In the data below, reproduce everything exactly except the images.

* _Data extract_
+ + + + + + +

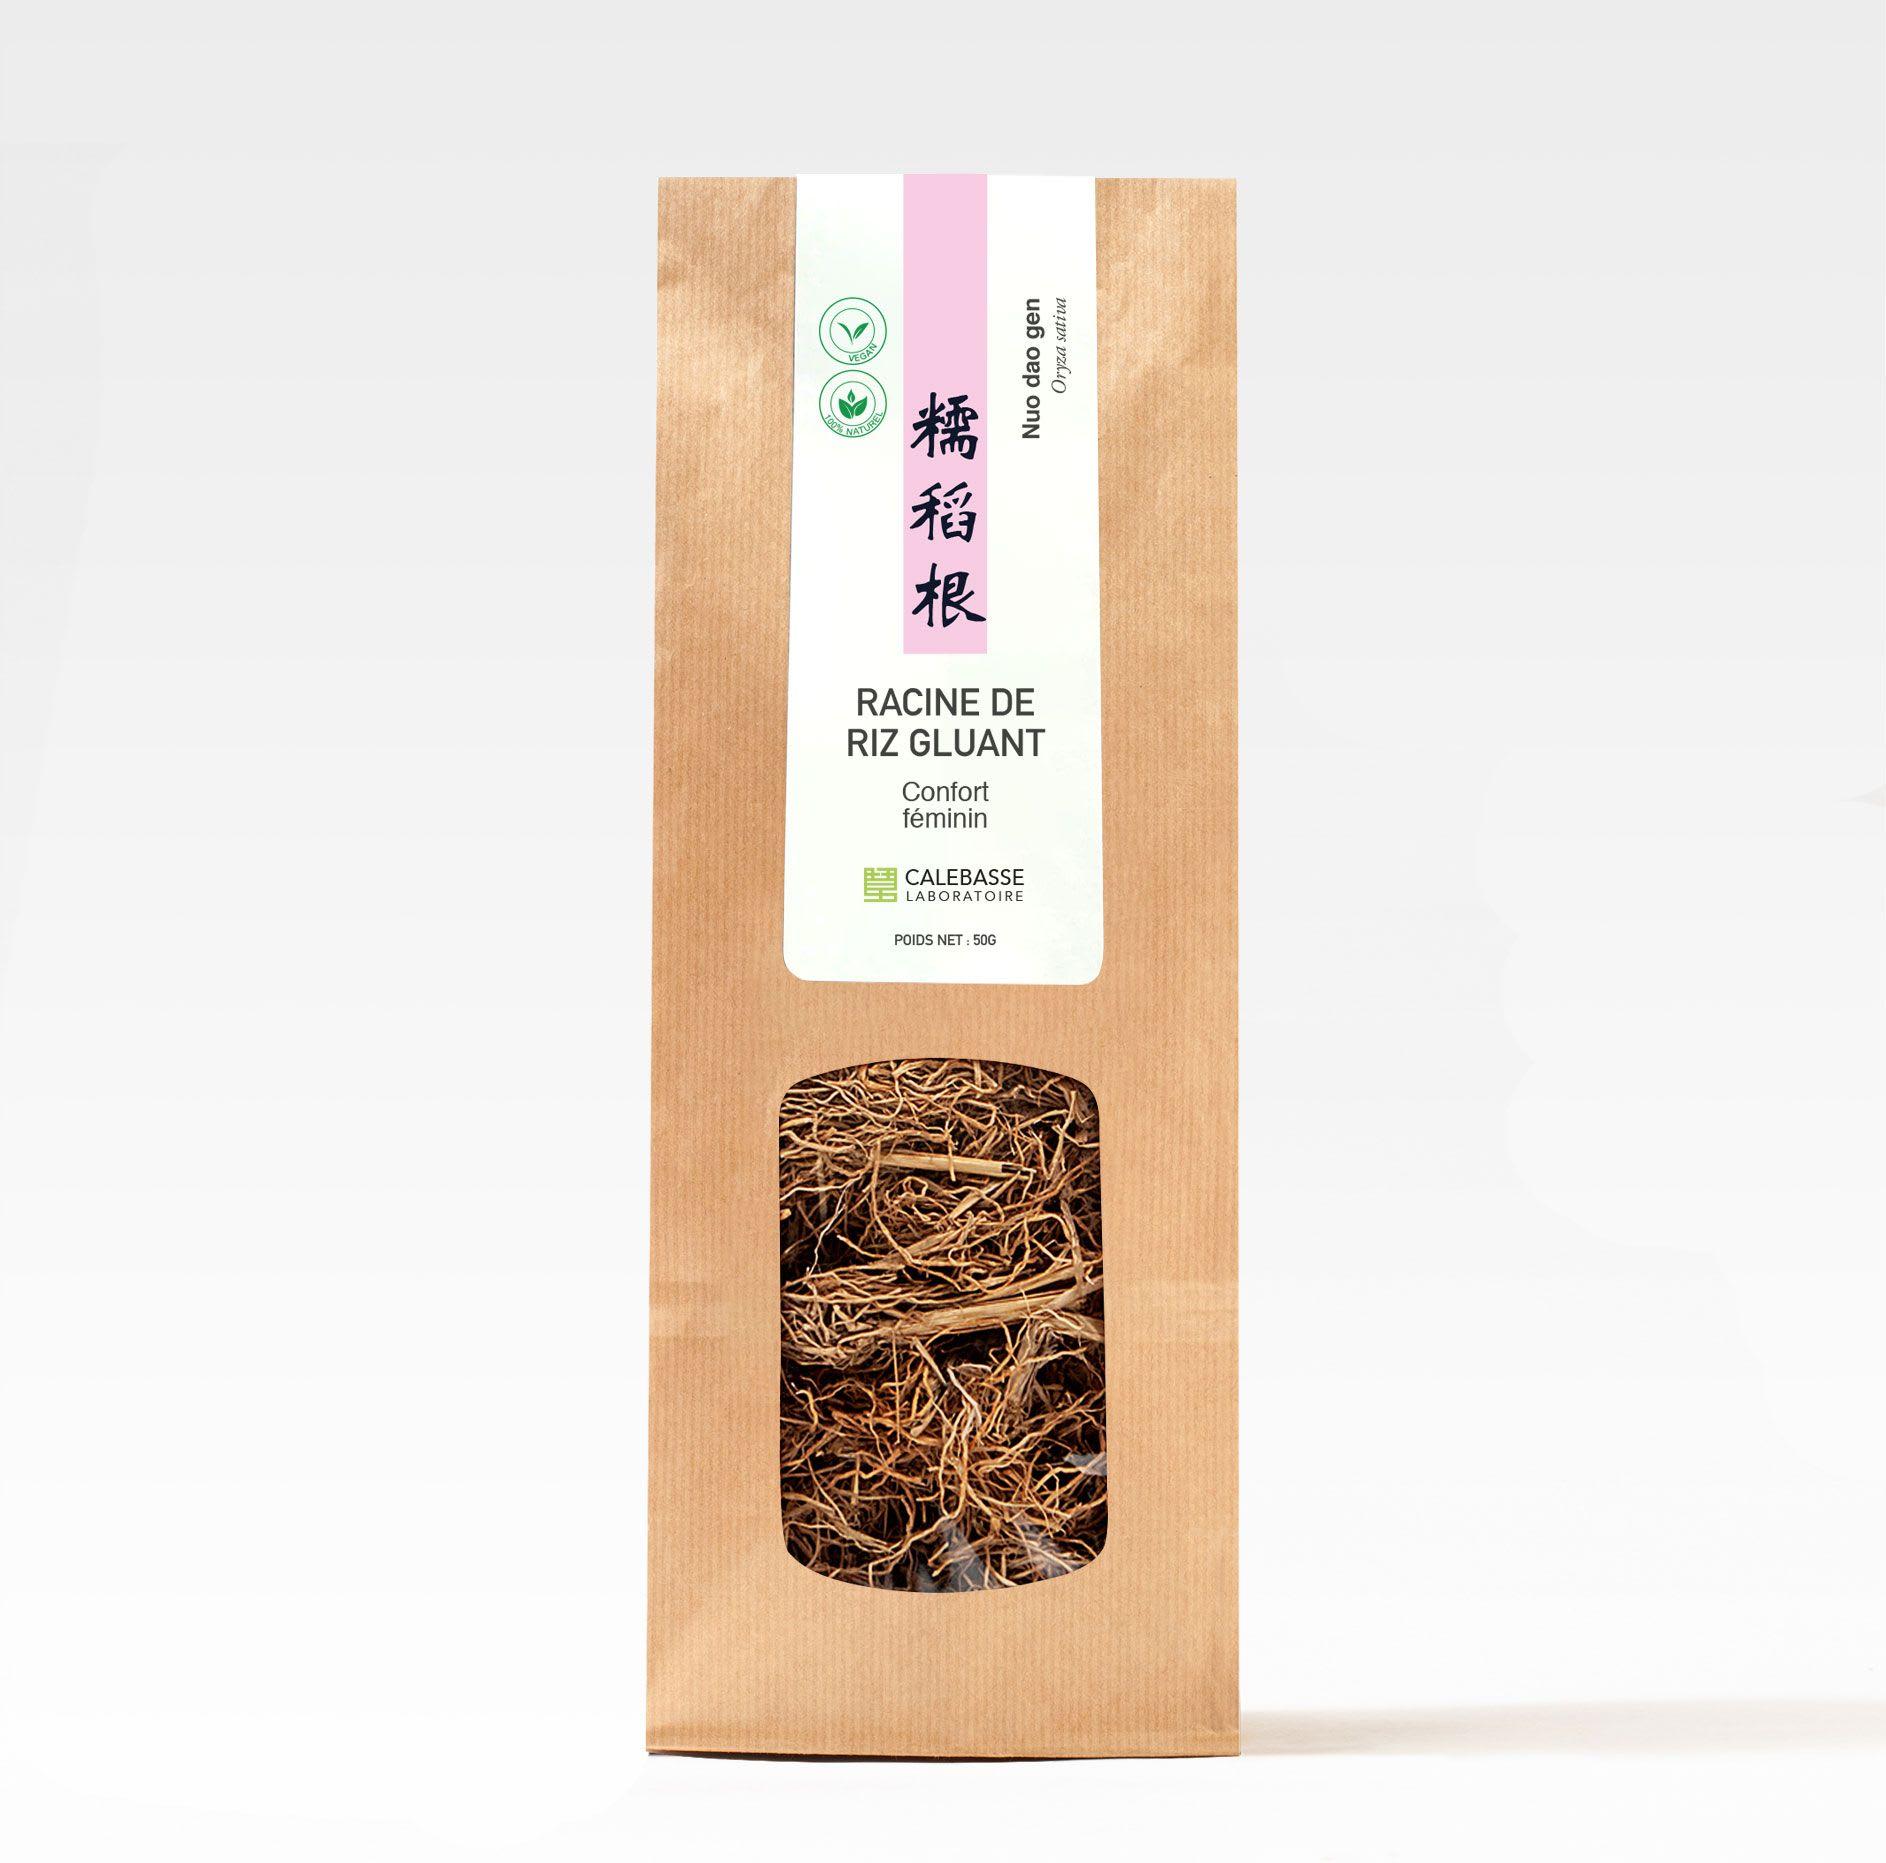 Image de Nuo dao gen - Racine de riz gluant
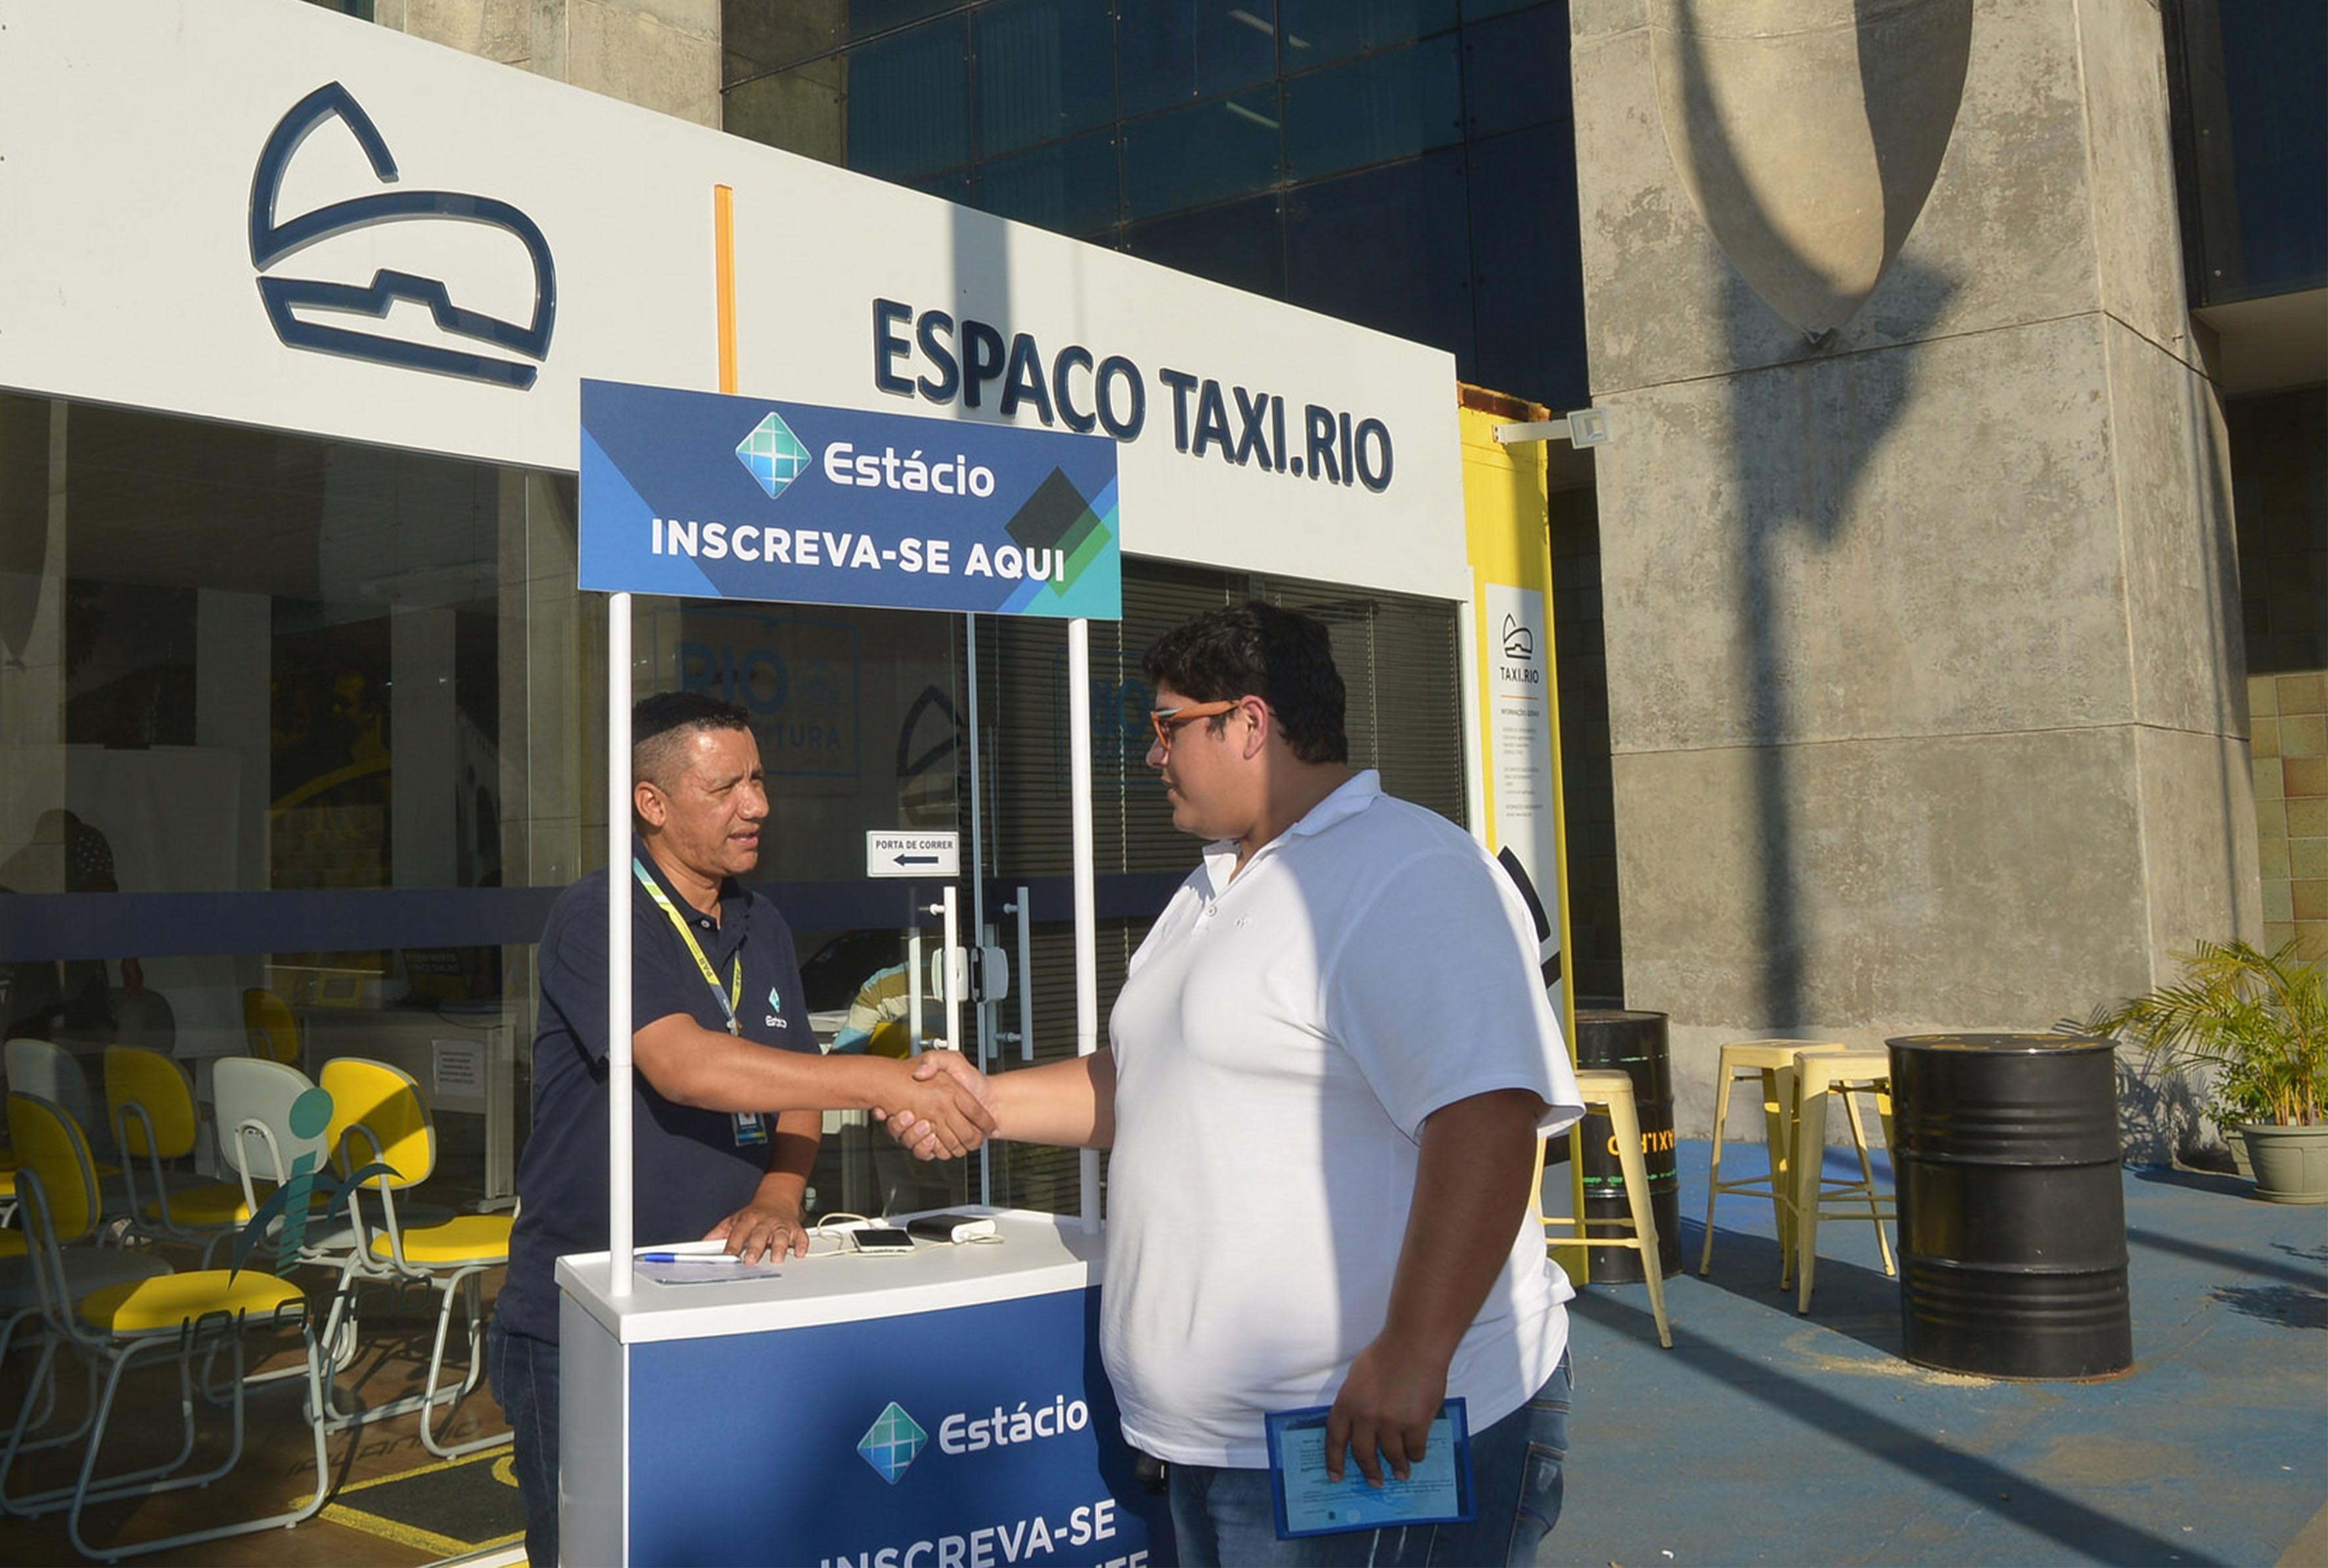 Taxi.Rio: Parceria com universidade dá 40% de desconto a taxistas no Ensino Superior
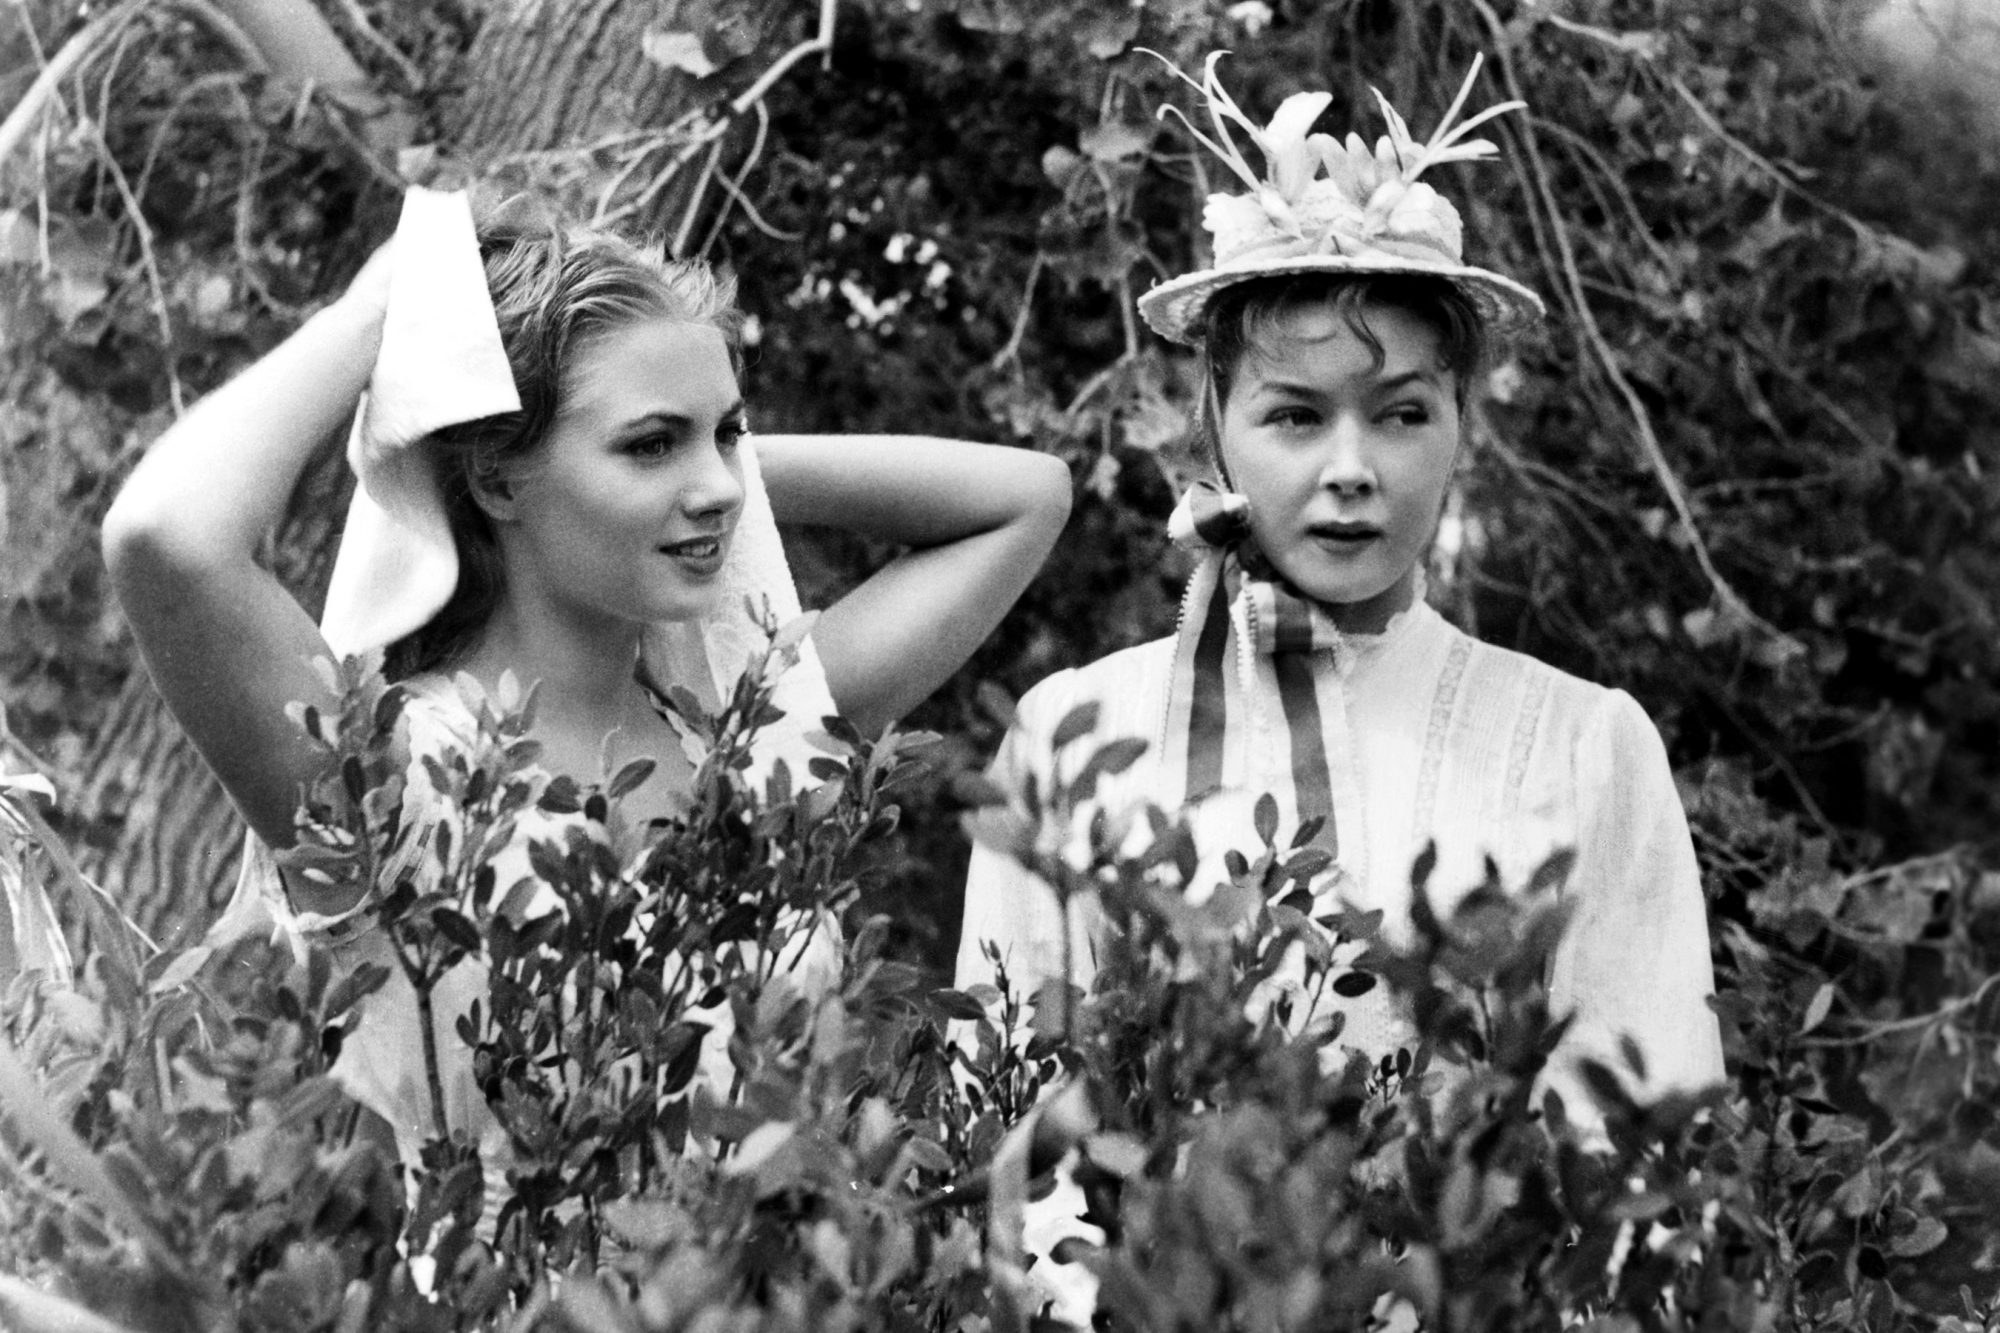 OKLAHOMA!, from left, Shirley Jones, Gloria Grahame, 1955, ©20th Century Fox Film Corporation, TM &

+ + + + + + +

* _Task solution_
 Image de Nuo dao gen - Racine de riz gluant
 Taxi.Rio: Parceria com universidade dá 40% de desconto a taxistas no Ensino Superior
 OKLAHOMA!, from left, Shirley Jones, Gloria Grahame, 1955, ©20th Century Fox Film Corporation, TM &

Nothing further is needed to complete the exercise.